VARESE – Le organizzazioni sindacali hanno convocato per sabato 15 febbraio alle 10.00 al Cinema teatro Nuovo di Viale dei Mille 39 a Varese, l’assemblea pubblica internazionale dei frontalieri italiani in Svizzera di tutti i territori confinanti contro la nuova tassa sulla salute. “Prosegue l’accanimento nei confronti del lavoro frontaliero malgrado l’accordo unanime del Parlamento italiano avesse, dopo molti anni, determinato nuove regole condivise nel 2023 con la traduzione del trattato internazionale Italia-Svizzera e degli accordi sindacali nella legge 83/23,
all’indomani del quale una sequenza di provvedimenti hanno concorso a smontare un sistema di regole con grande fatica costruito negli anni tra le parti. L’introduzione nella finanziaria 2024 della famigerata tassa sulla salute sui cosiddetti “vecchi” frontalieri imponibili solo in Svizzera (contributori indiretti alla fiscalità nazionale attraverso i ristorni fiscali), viola esplicitamente il trattato internazionale, introduce la doppia imposizione malgrado le chiare regole OCSE, si pone in contrasto con l’art. 32 della Costituzione rispetto all’universalità dei trattamenti sanitari essenziali.
La norma, le cui modalità applicative competono alle Regioni, rimasta inapplicata per tutto lo scorso anno in relazione all’indisponibilità dei dati imponibili per lavoratori la cui posizione contributiva è in Svizzera, è stata ulteriormente peggiorata con la finanziaria 2025 che ha introdotto un’autocertificazione di fatto e raddoppiato il sistema sanzionatorio. La tassa, il cui obiettivo sarebbe quello di aumentare i salari del personale sanitario che lavora nelle aree di confine come forma di deterrenza alla migrazione oltre confine, oltre a costituire un pretestuoso contrasto d’interesse tra categorie di lavoratori, è un provvedimento chiaramente inefficace in relazione ai rapporti salariali tra i due paesi” scrivono in una nota le organizzazioni sindacali italiane e svizzere, che chiedono di fermare l’ingiusta tassa, ascoltando i frontalieri, le istituzioni territoriali, le stesse Regioni che hanno espresso opinioni articolate in merito. “Chiediamo di fermare l’adozione di questa norma riservandosi, in caso contrario, di adire alla giustizia al fine di eccepire la questione di costituzionalità.

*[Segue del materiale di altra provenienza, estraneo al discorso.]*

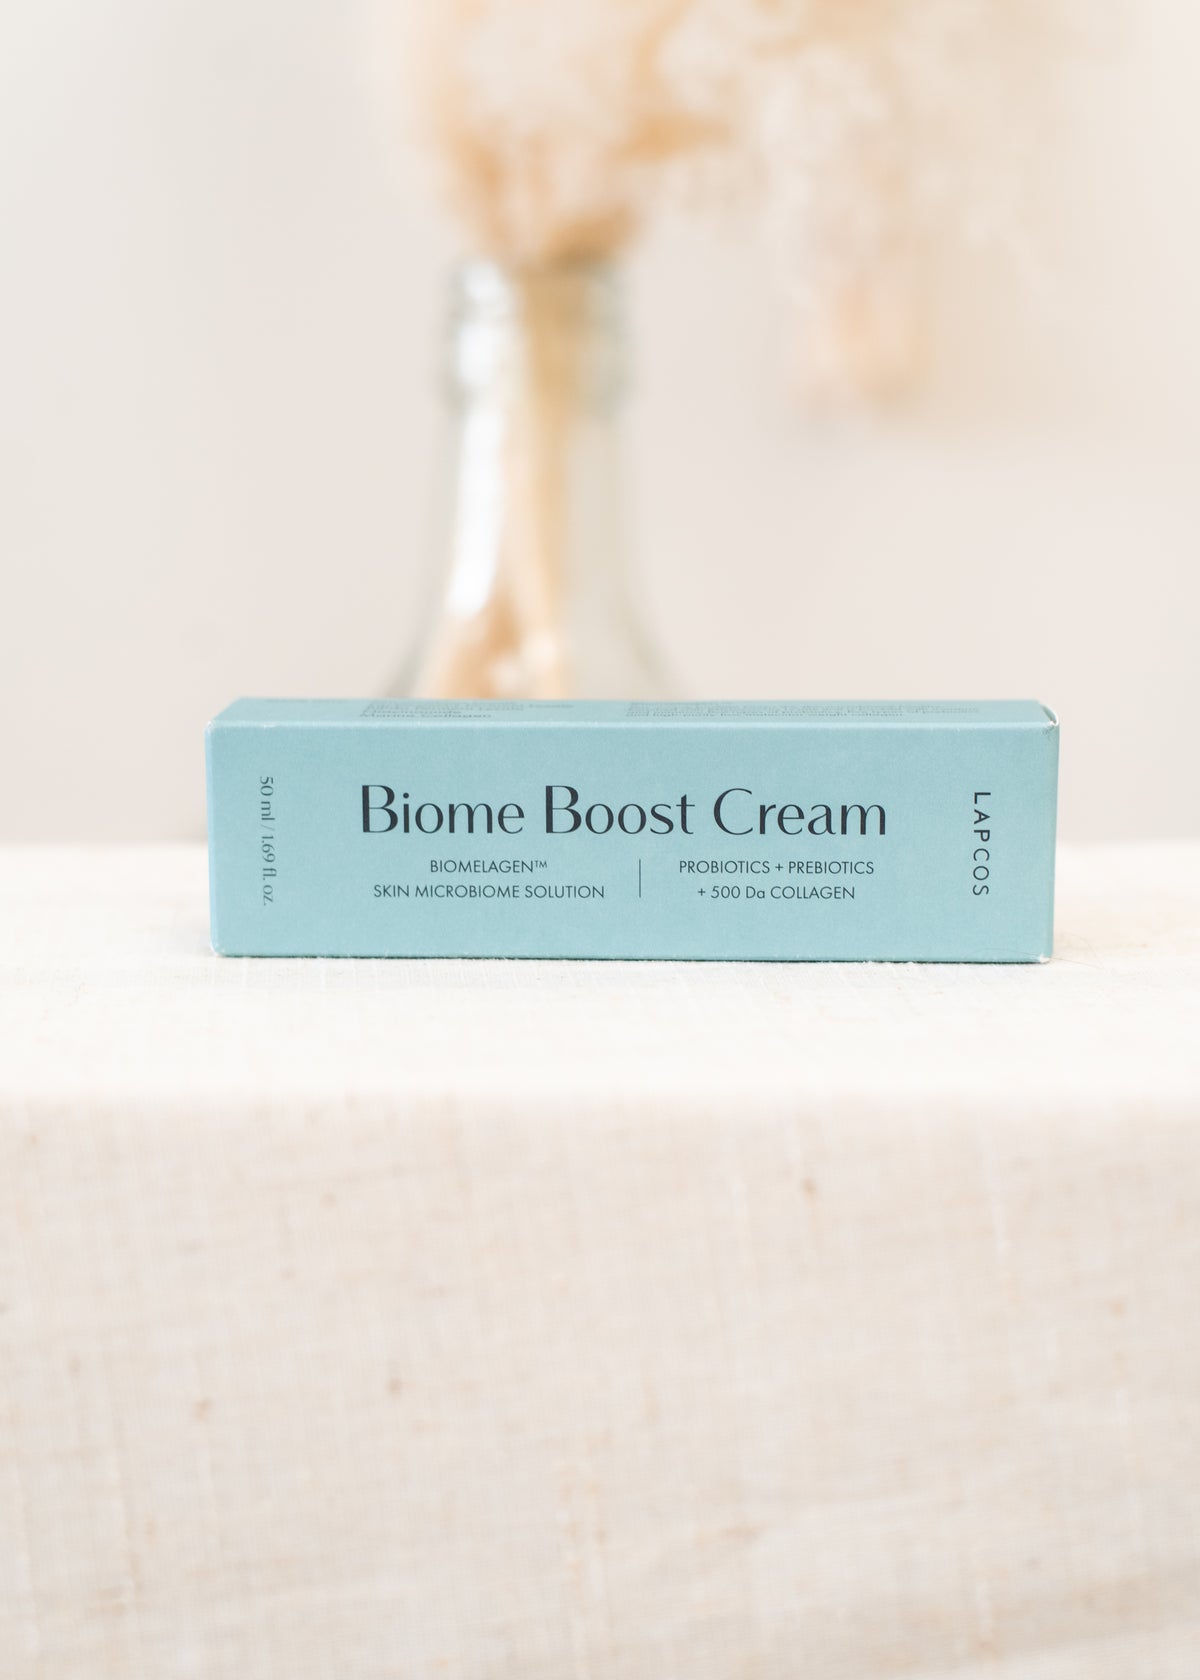 The Biome Boost Cream

Chiediamo la piena applicazione della legge 83/23 che ha esteso i suoi effetti ai frontalieri italiani sui nove confini nazionali, rimasta tuttavia incompiuta, ad oltre un anno dalla sua adozione, in materia di miglioramento della disoccupazione (Naspi) e di utilizzo dei ristorni e del fondo perequativo a valere sui progetti socioeconomici dei territori.
Registriamo il primo risultato delle proteste dei lavoratori con la convocazione delle organizzazioni sindacali al tavolo interministeriale (MILAV, MAECI, MEF), per il prossimo 24 febbraio, costituito al fine di definite, tra gli altri, uno statuto del lavoro frontaliero” aggiungono. “Chiediamo l’individuazione di una soluzione sull’assegno unico universale (AUUF) che sblocchi dopo oltre due anni, tanto per i frontalieri in uscita dall’Italia l’impasse tra INPS e casse di compensazione previdenziali dei paesi confinanti che erogano assegni familiari integrativi all’estero, quanto per i frontalieri in ingresso in Italia, l’erogazione dello stesso (oggi garantito solo in relazione alla residenza nel nostro paese), superando la violazione del principio comunitario della parità di salario a parità di lavoro per il quale l’Italia è stata messa in procedura d’infrazione, proprio a seguito di un’iniziativa sindacale che ne contestava la legittimità.
In tal senso, auspichiamo un’audizione presso il “gruppo di lavoro sulla gestione delle prestazioni ai lavoratori frontalieri”, costituito presso l’INPS nel dicembre scorso” concludono i sindacati CGIL, CISL, UIL, UNIA, OCST, SYNA.